Montana State Roundup

July 1, 2004

Drought tightens its grip on ranchers, businesses

Farmers, business owners, foresters and homeowners are bracing for a long, dry summer as the state endures its sixth straight year of drought. A May report by the Governor's Drought Advisory Committee warned that crop yields this season are likely to disappoint once again, forcing many farmers and ranchers into bankruptcy and threatening the livelihoods of Main Street businesses that depend on their spending.

The report said that drought will probably continue across much of the state, robbing farmers of water badly needed for crops and grazing, and forcing city governments to drastically curtail their water use. Mountain snow-pack ranges from well below average to about 80 percent of average across the state, according to the report. While a few rivers and streams are flowing normally for this time of year, most watercourses are low, and groundwater levels continue to drop.

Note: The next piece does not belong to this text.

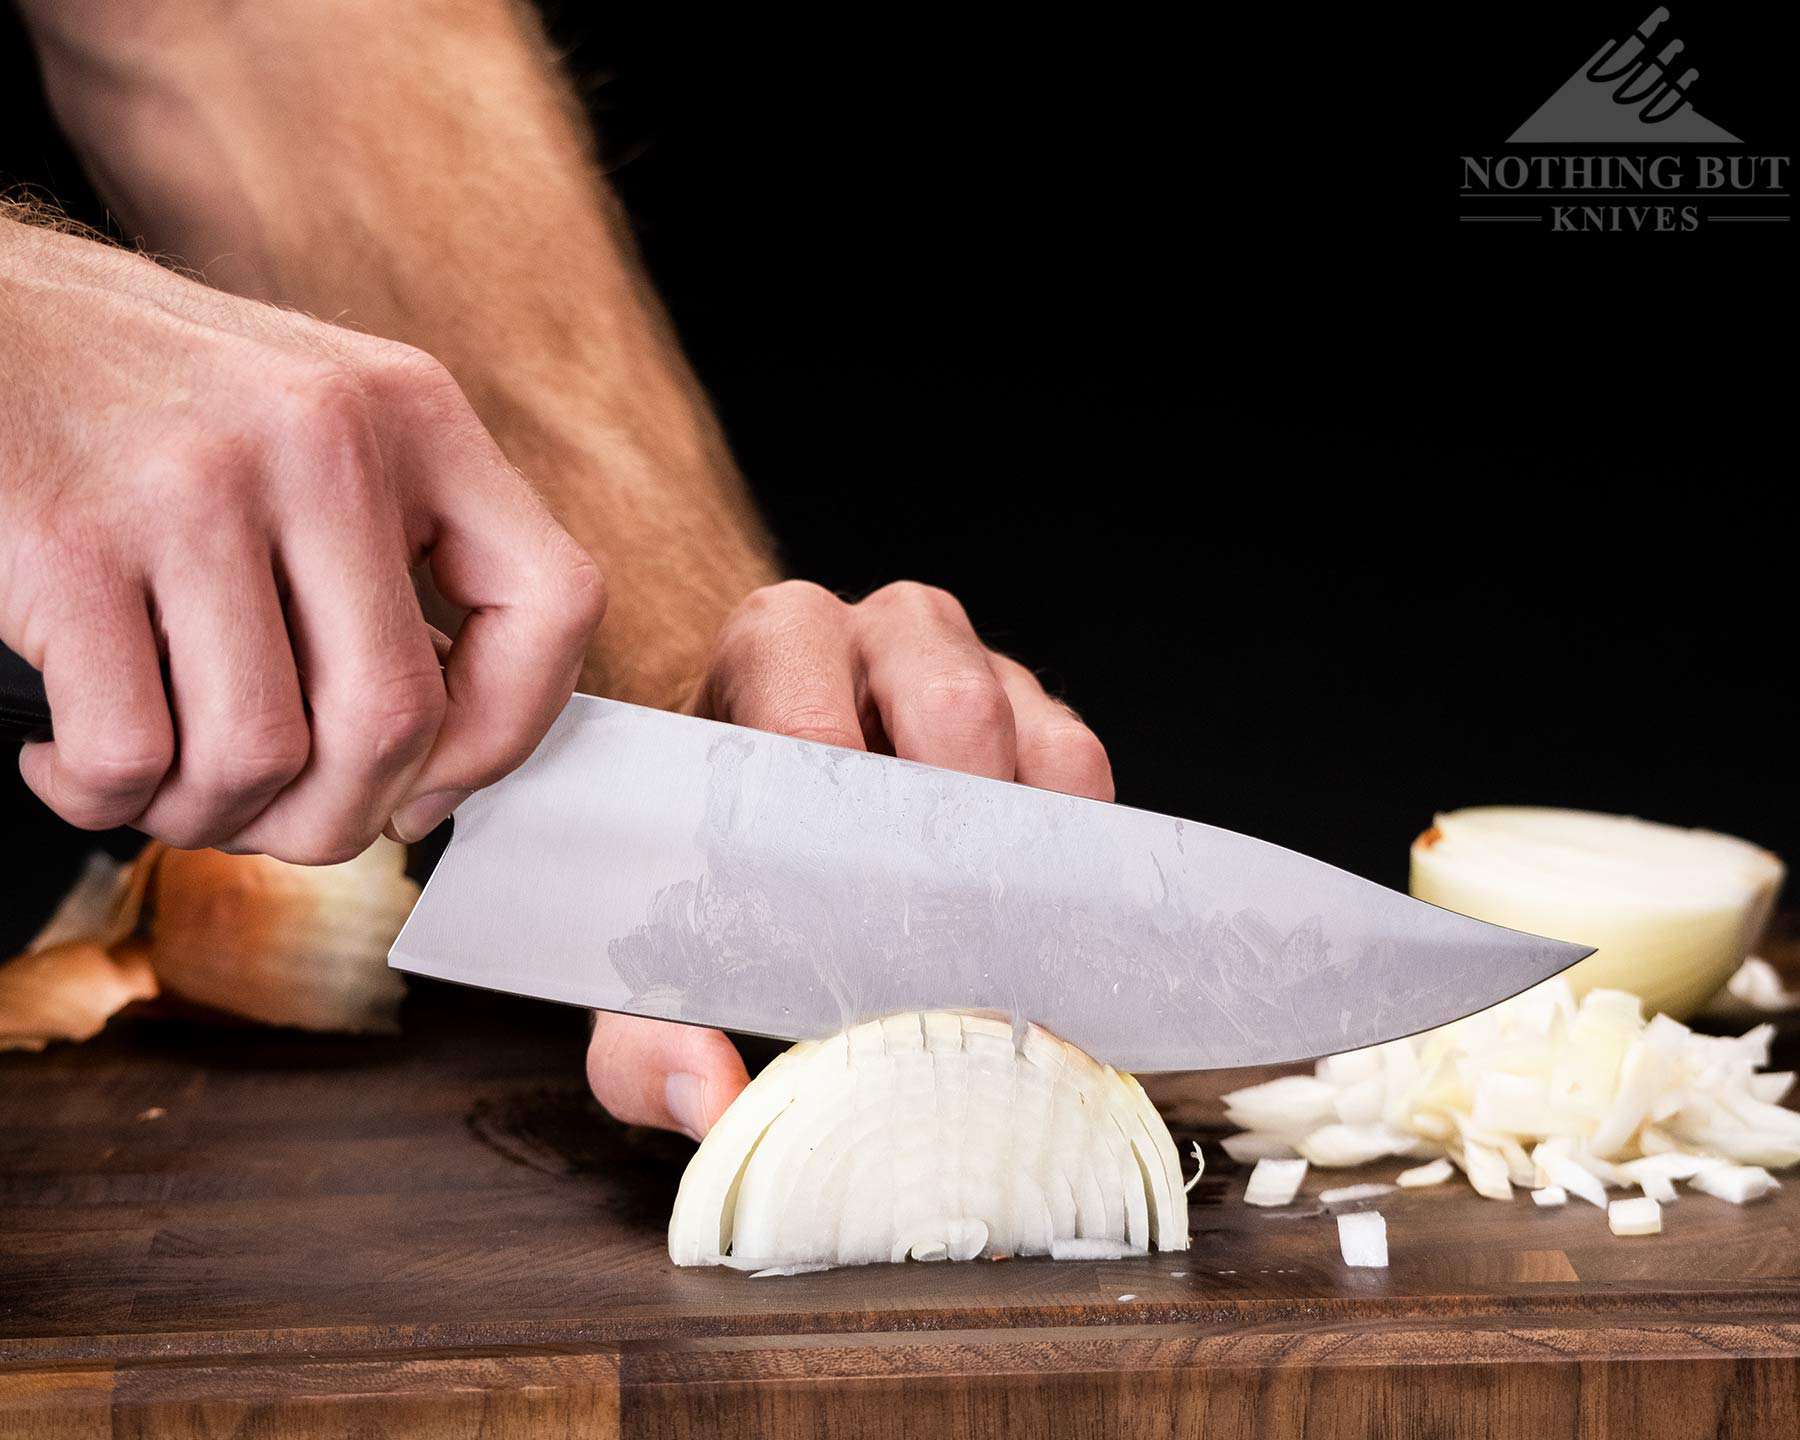 A close-up of the Mattia Borrani chef knife chopping an onion.

With no relief in sight, five years of deepening drought have forced Montana ranchers and growers to haul water to pastures, dig new wells, plant drought-resistant crops and sell livestock. The state has lost about 50,000 head of cattle annually since 2000, according to the Montana Agricultural Statistics Service.

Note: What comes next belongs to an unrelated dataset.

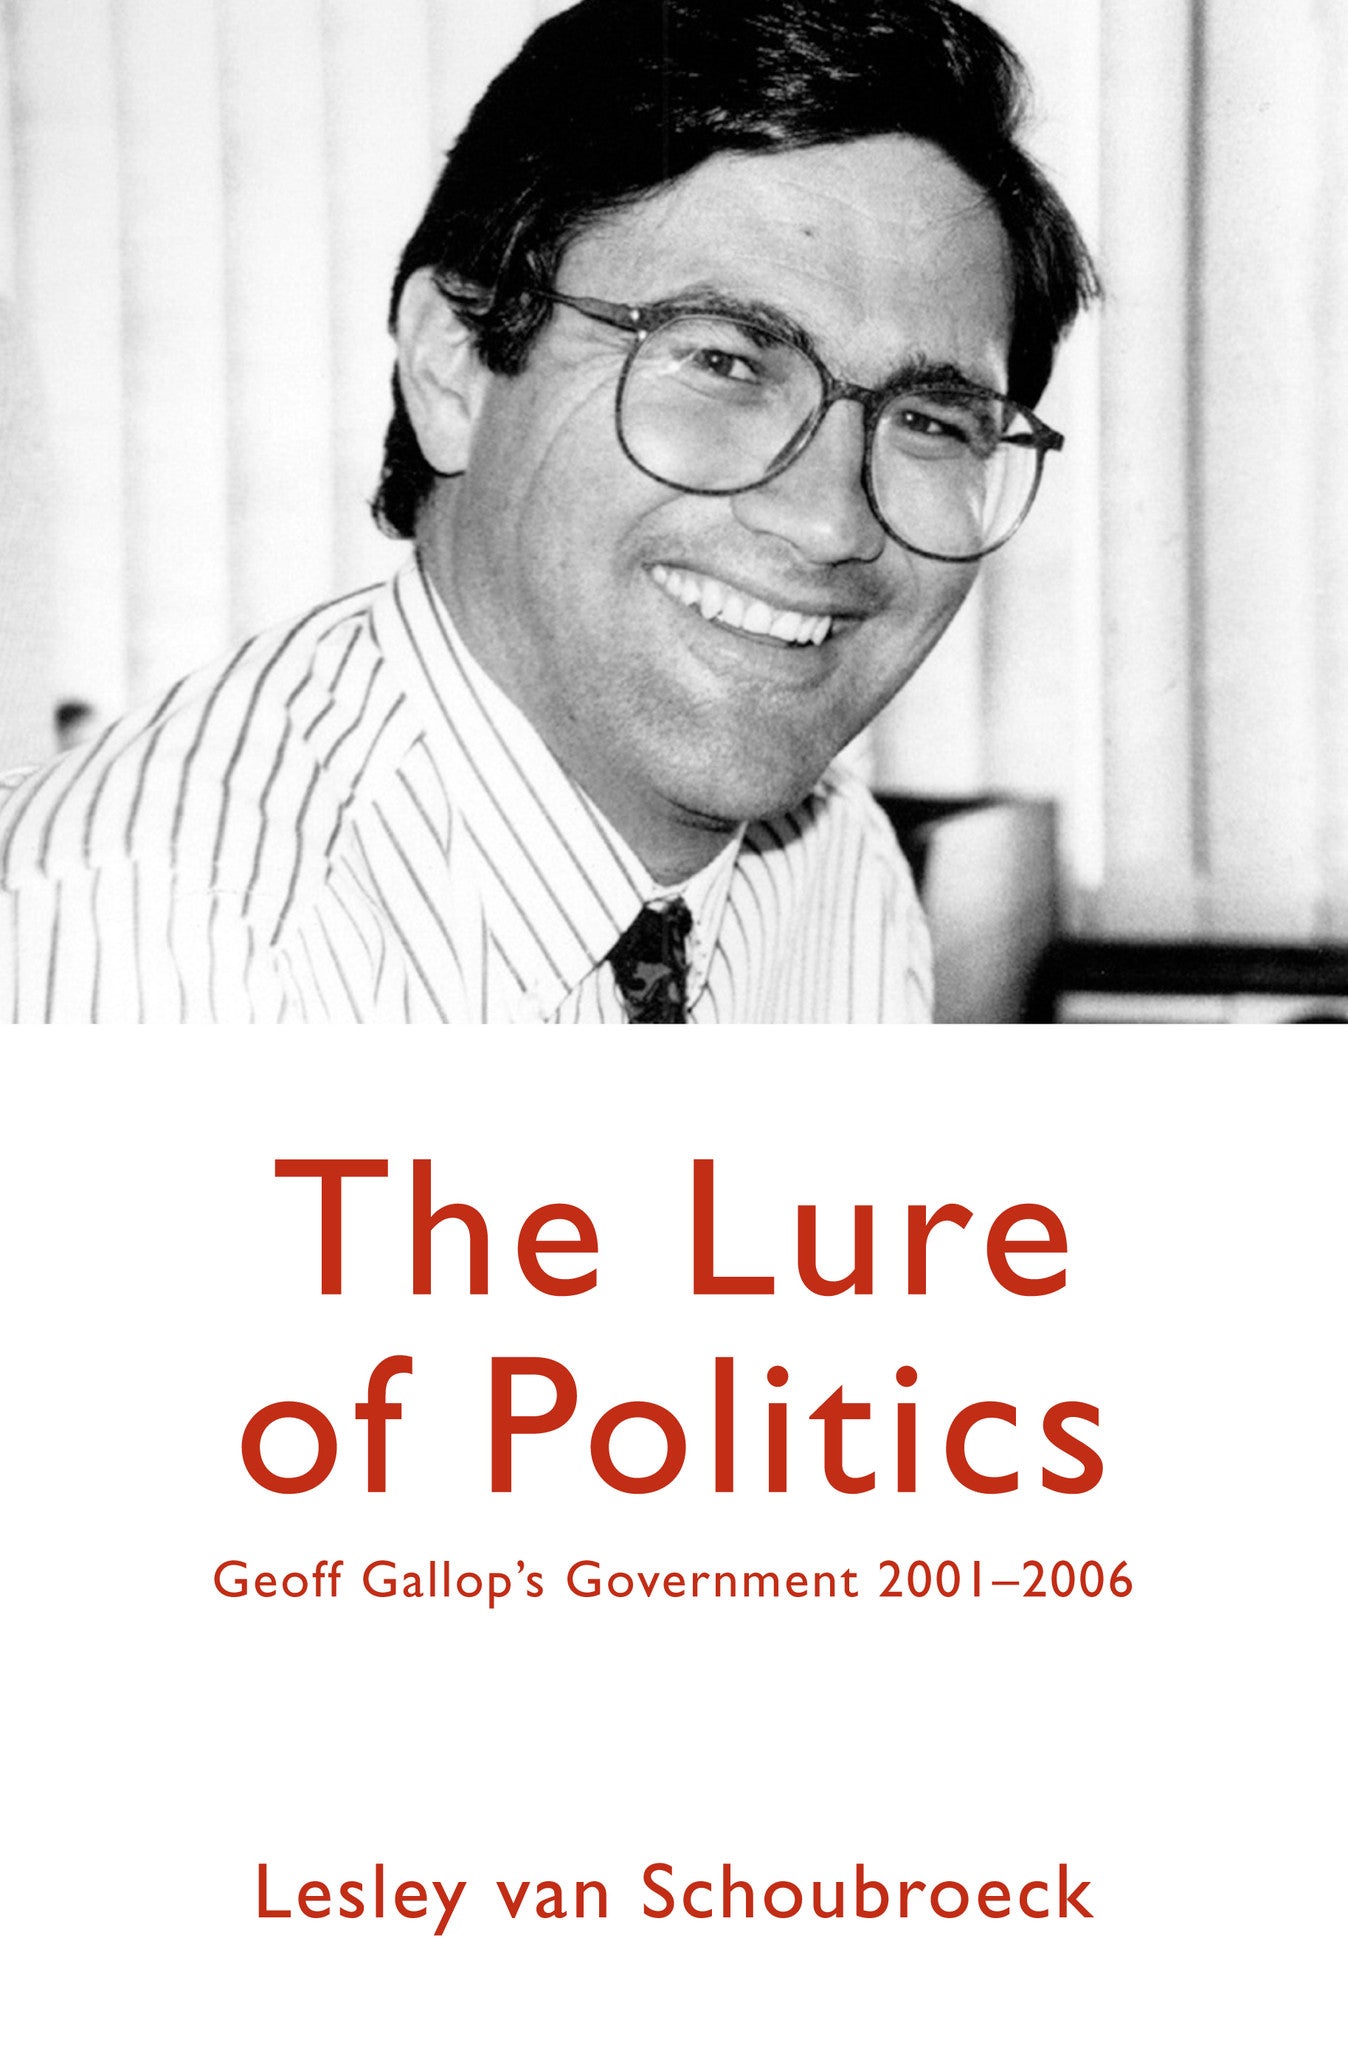 The Lure of Politics: Geoff Gallop's Government 2001-2006

Forests, the lifeblood of the state's wood products and tourism industries, are also expected to suffer this summer, and not just from wildfires. In the spring the U.S. Forest Service forecast an assault by tree-killing beetles on lodgepole, Douglas fir, whitebark pine, Engelmann spruce and other trees weakened by drought. Last year bark beetles laid waste to 500,000 acres of Montana forests.

Ominously, the Drought Committee report suggests that the drought may not be a short-term phenomenon, but part of a long-term drying cycle. Some climatologists theorize that the American West's "wet" phase—a period that may span all of recorded history in the region—has now come to an end.